About this exercise: Below are entries; repeat exactly, and nothing else, the lines from the one holding "Samyang 8 mm" through the one holding "IKT 1453 Bordeaux", inclusive. Leave the pictures out.

[Source data Boundary: Start]

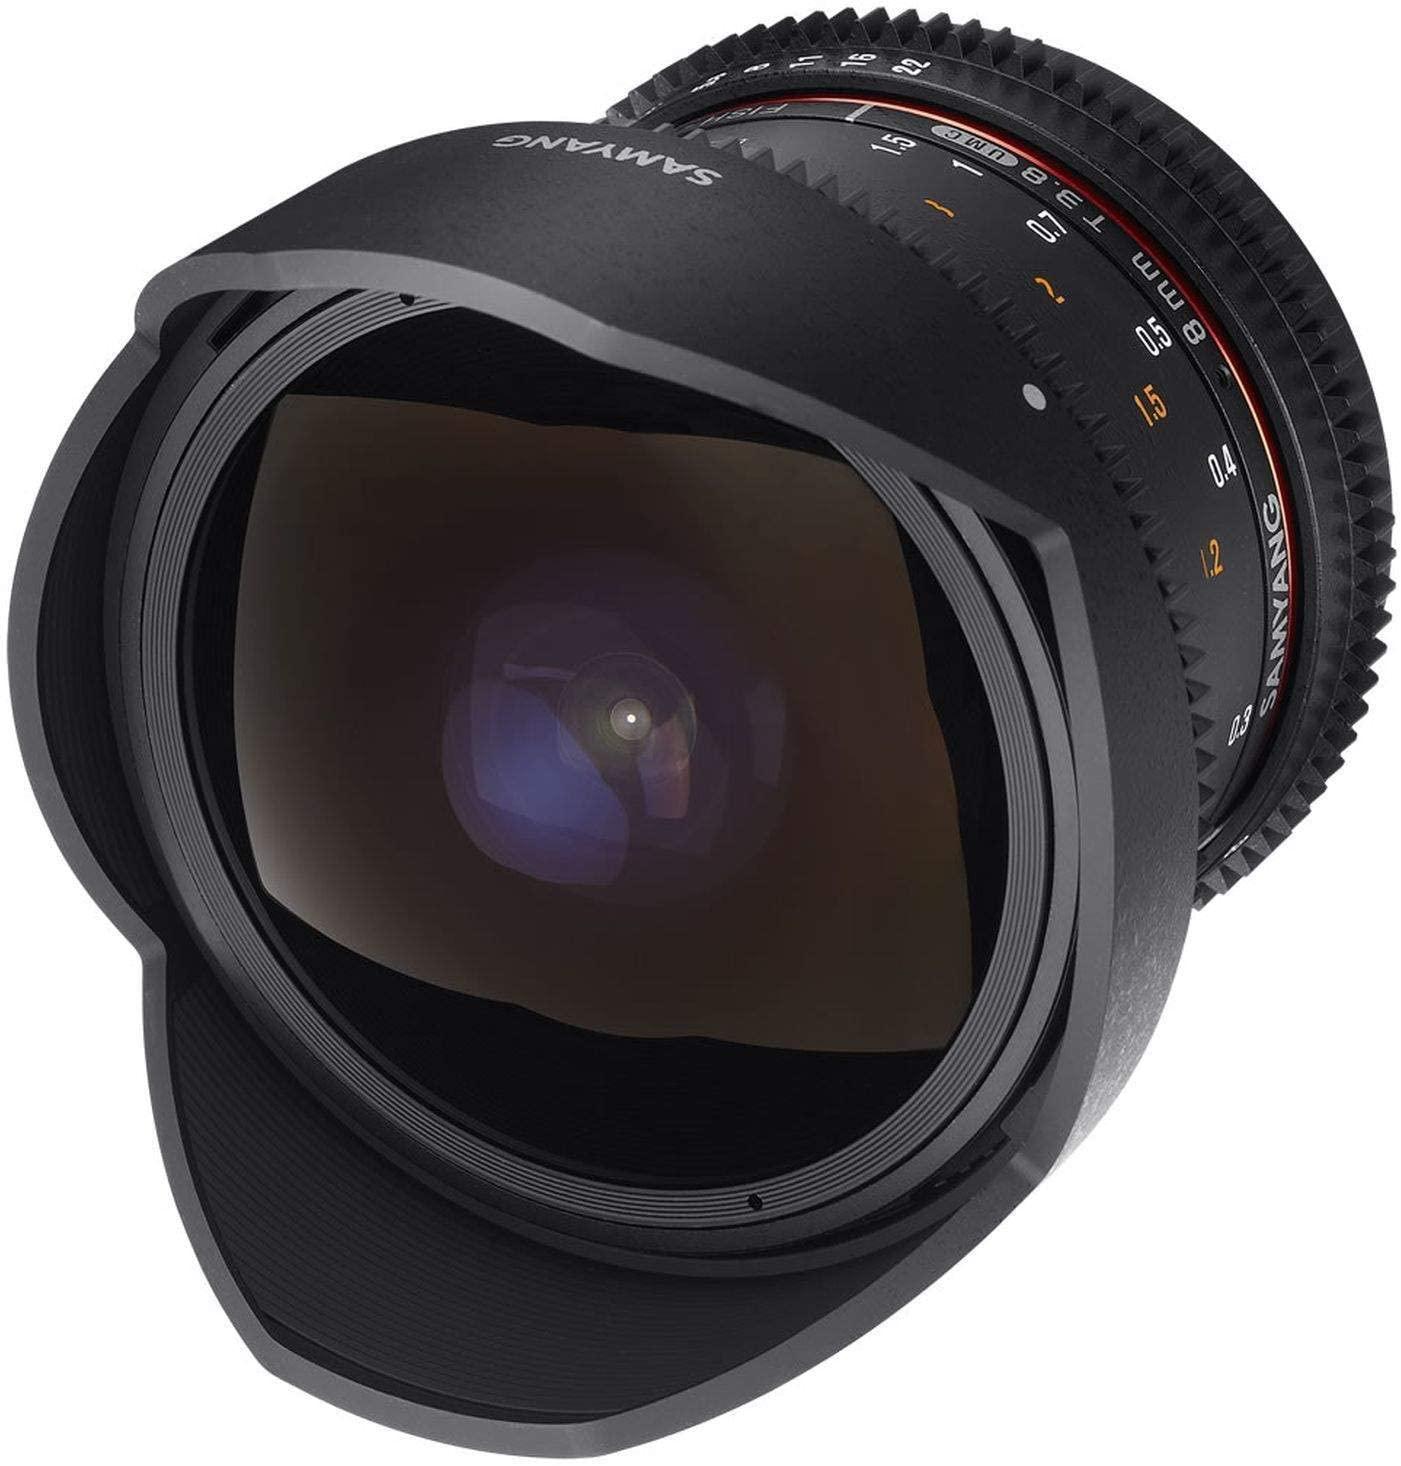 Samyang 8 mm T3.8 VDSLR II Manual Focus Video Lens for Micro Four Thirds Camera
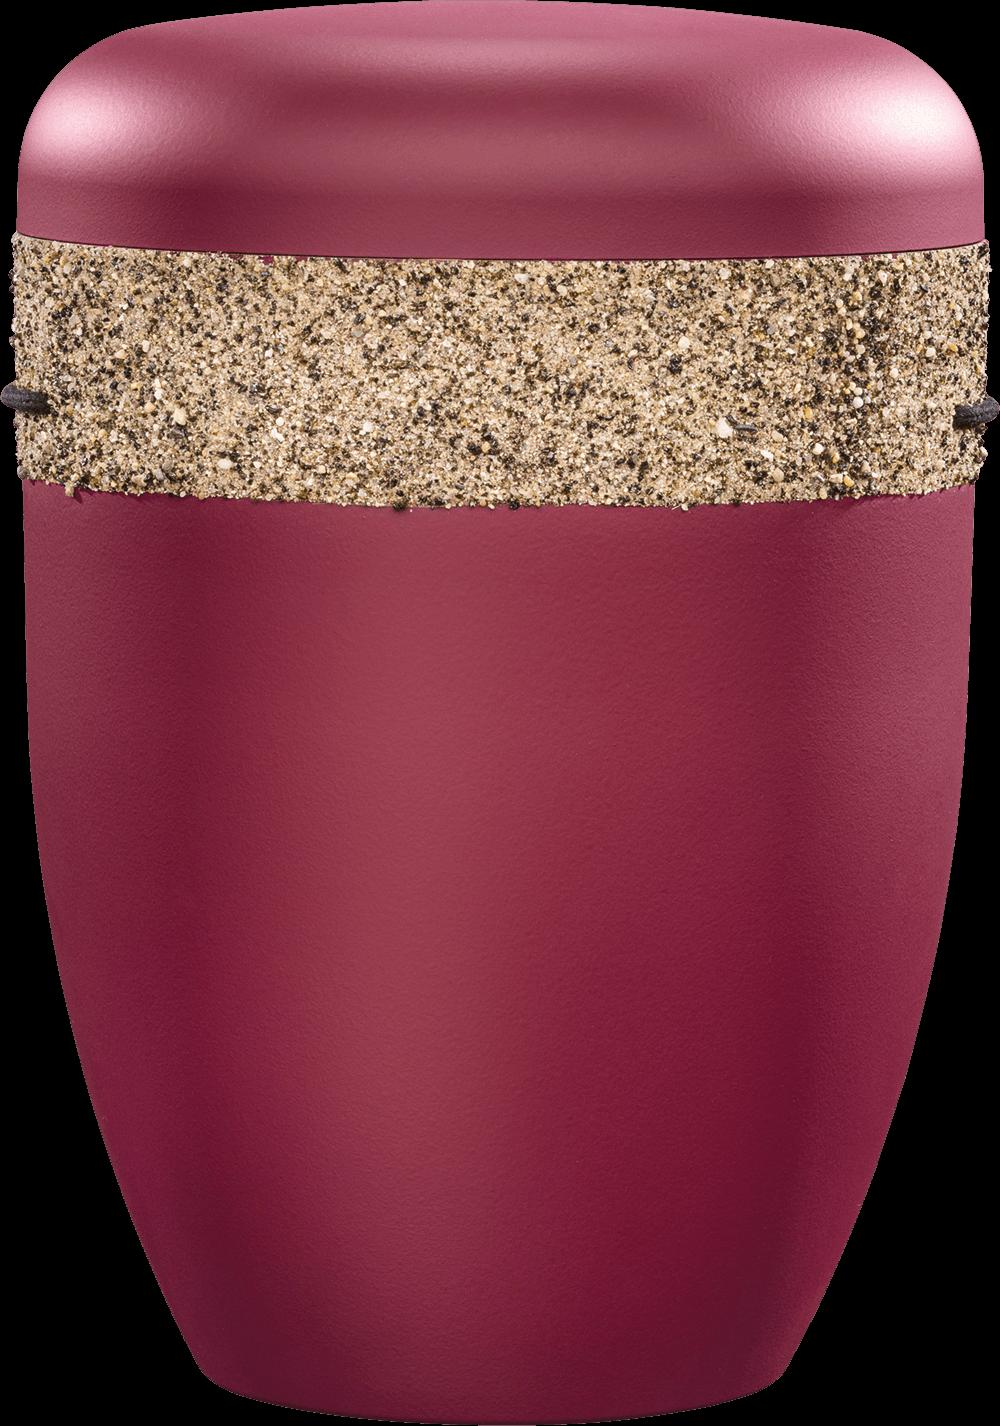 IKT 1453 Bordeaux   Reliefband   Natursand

[Source data Boundary: End]
[Source data Boundary: Start]

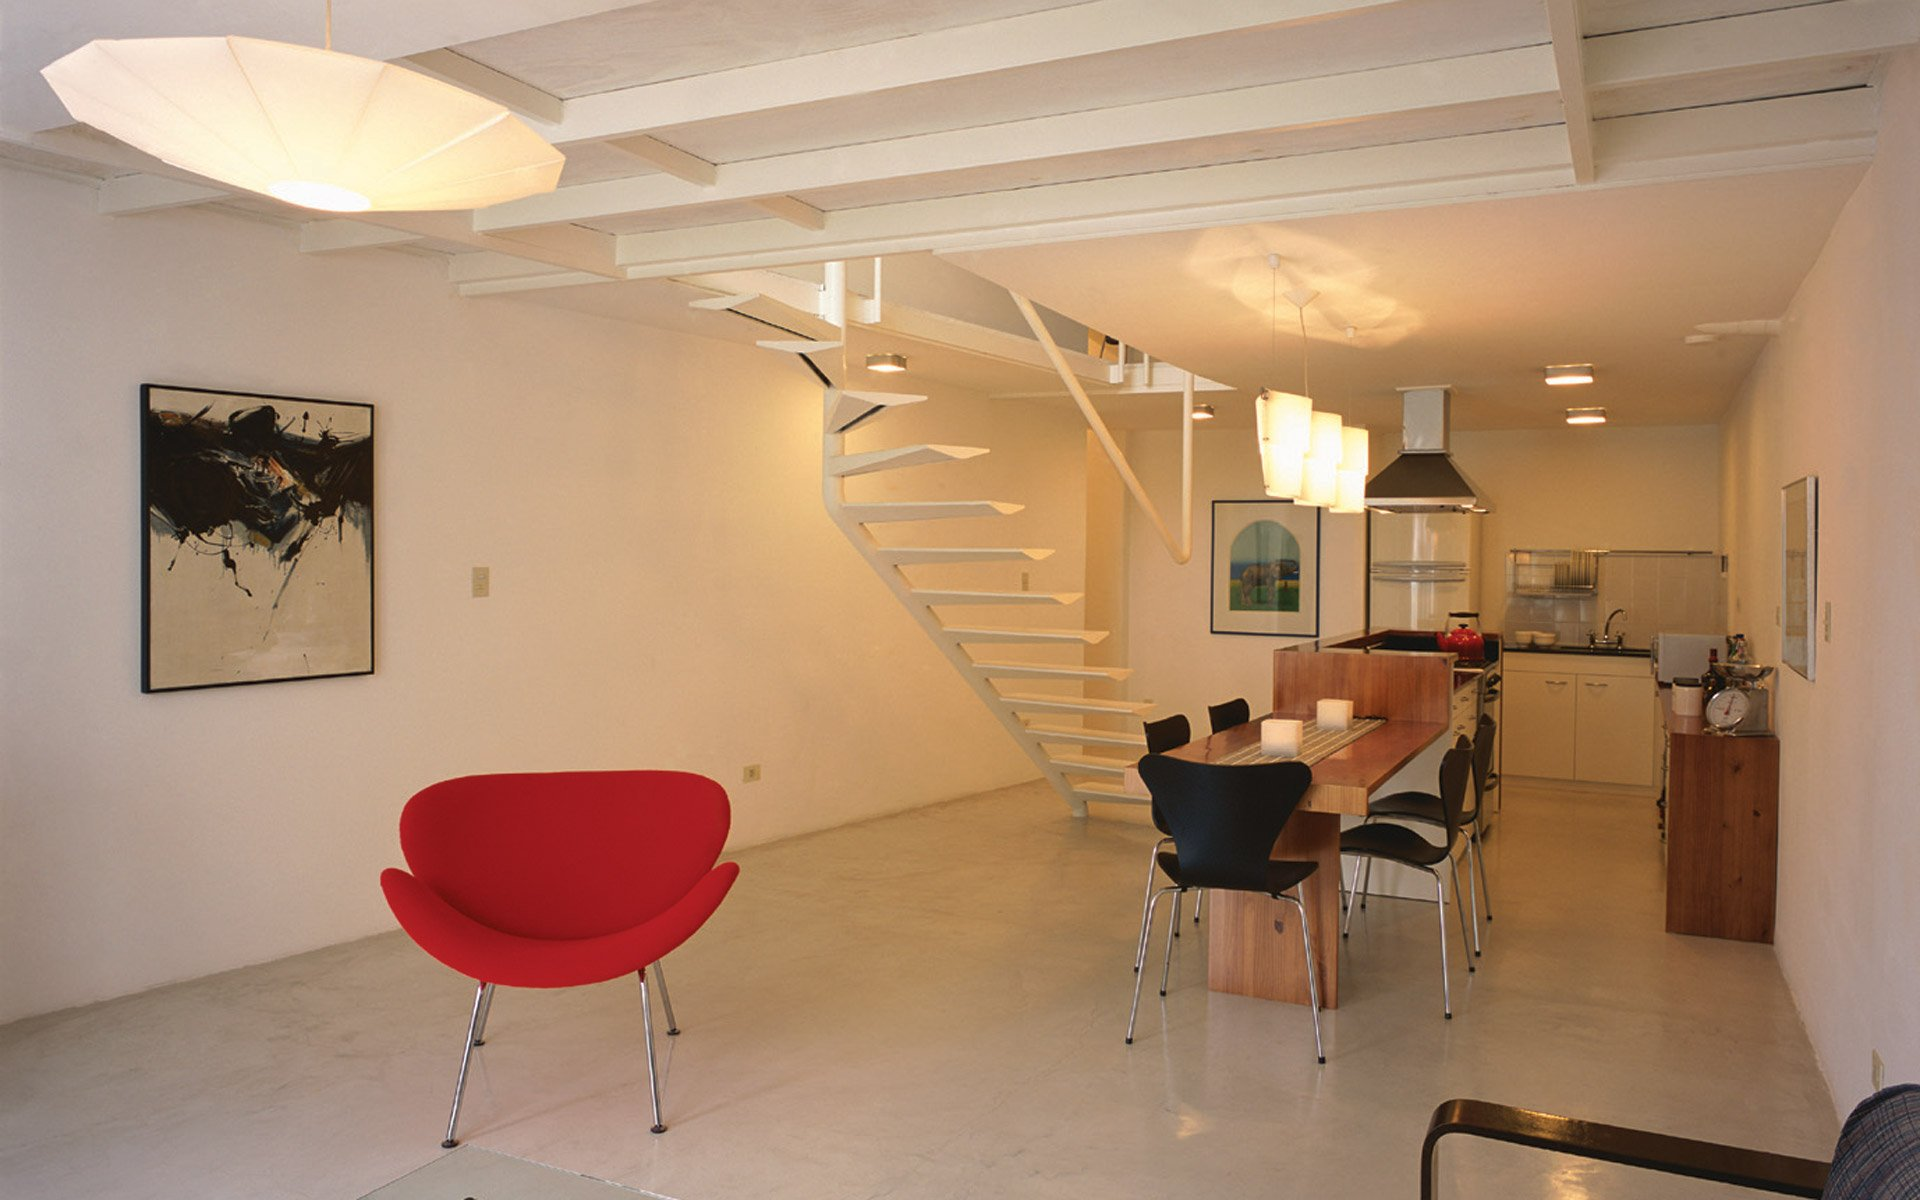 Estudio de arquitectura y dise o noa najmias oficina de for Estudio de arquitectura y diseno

[Source data Boundary: End]
[Source data Boundary: Start]

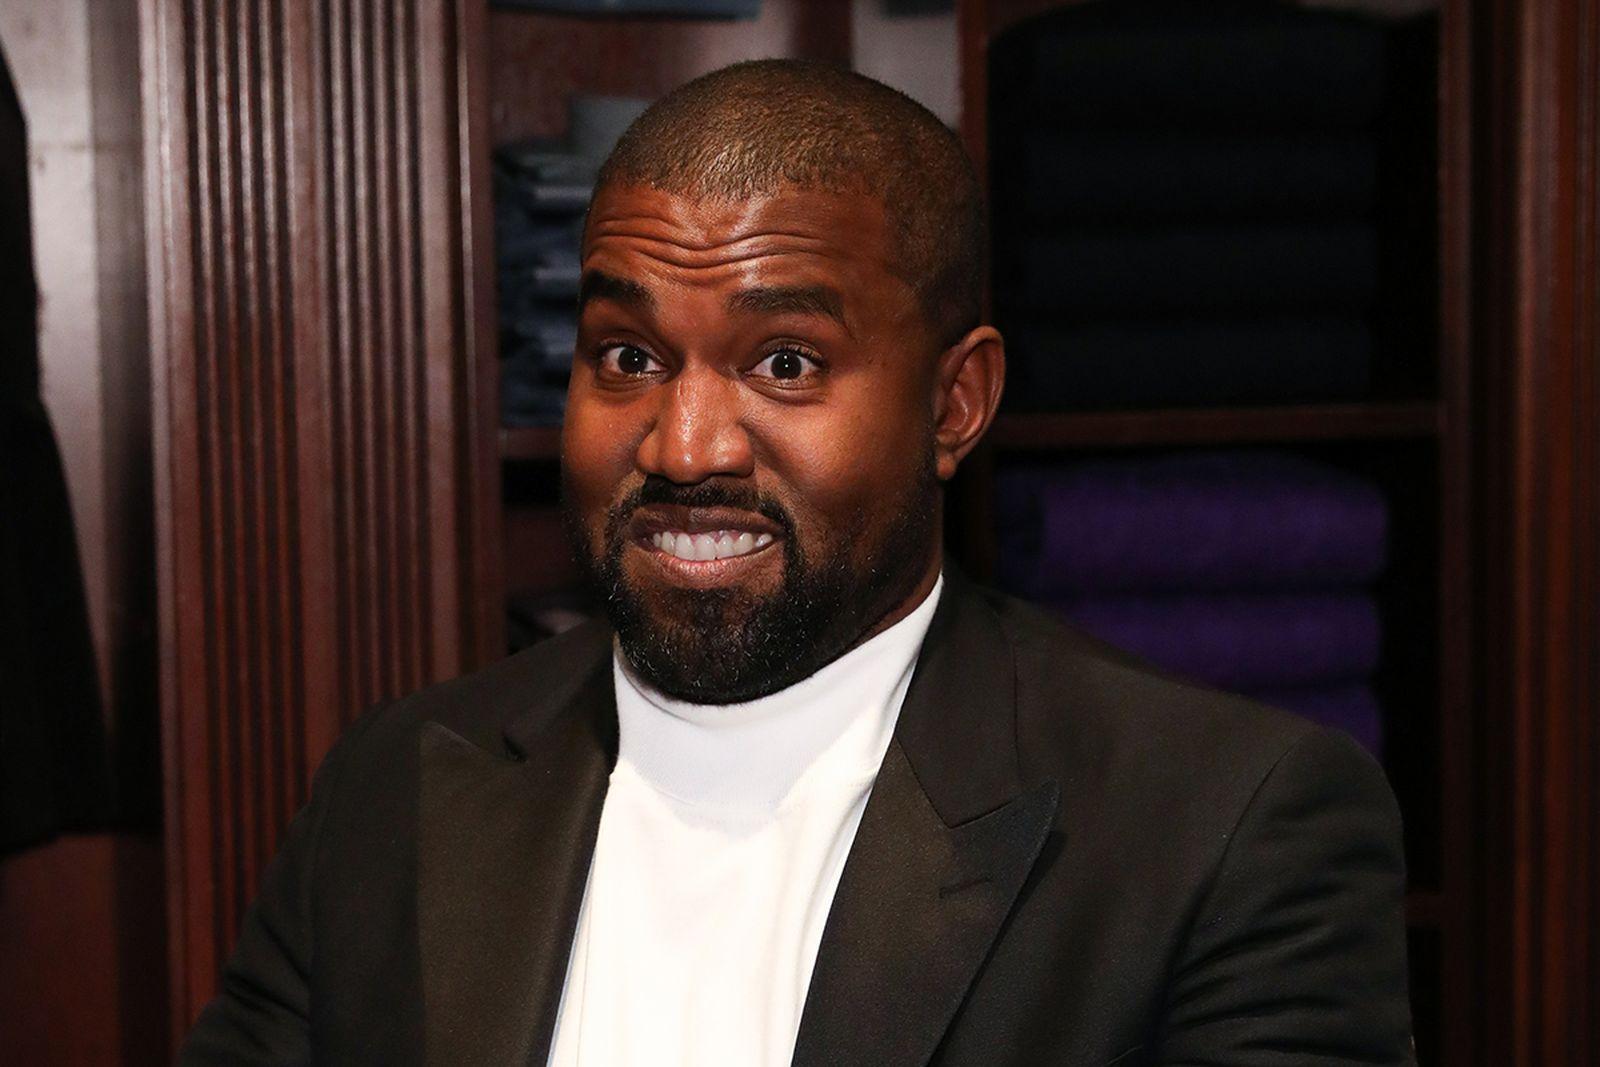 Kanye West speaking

[Source data Boundary: End]

Exercise solution:
 Samyang 8 mm T3.8 VDSLR II Manual Focus Video Lens for Micro Four Thirds Camera
 IKT 1453 Bordeaux   Reliefband   Natursand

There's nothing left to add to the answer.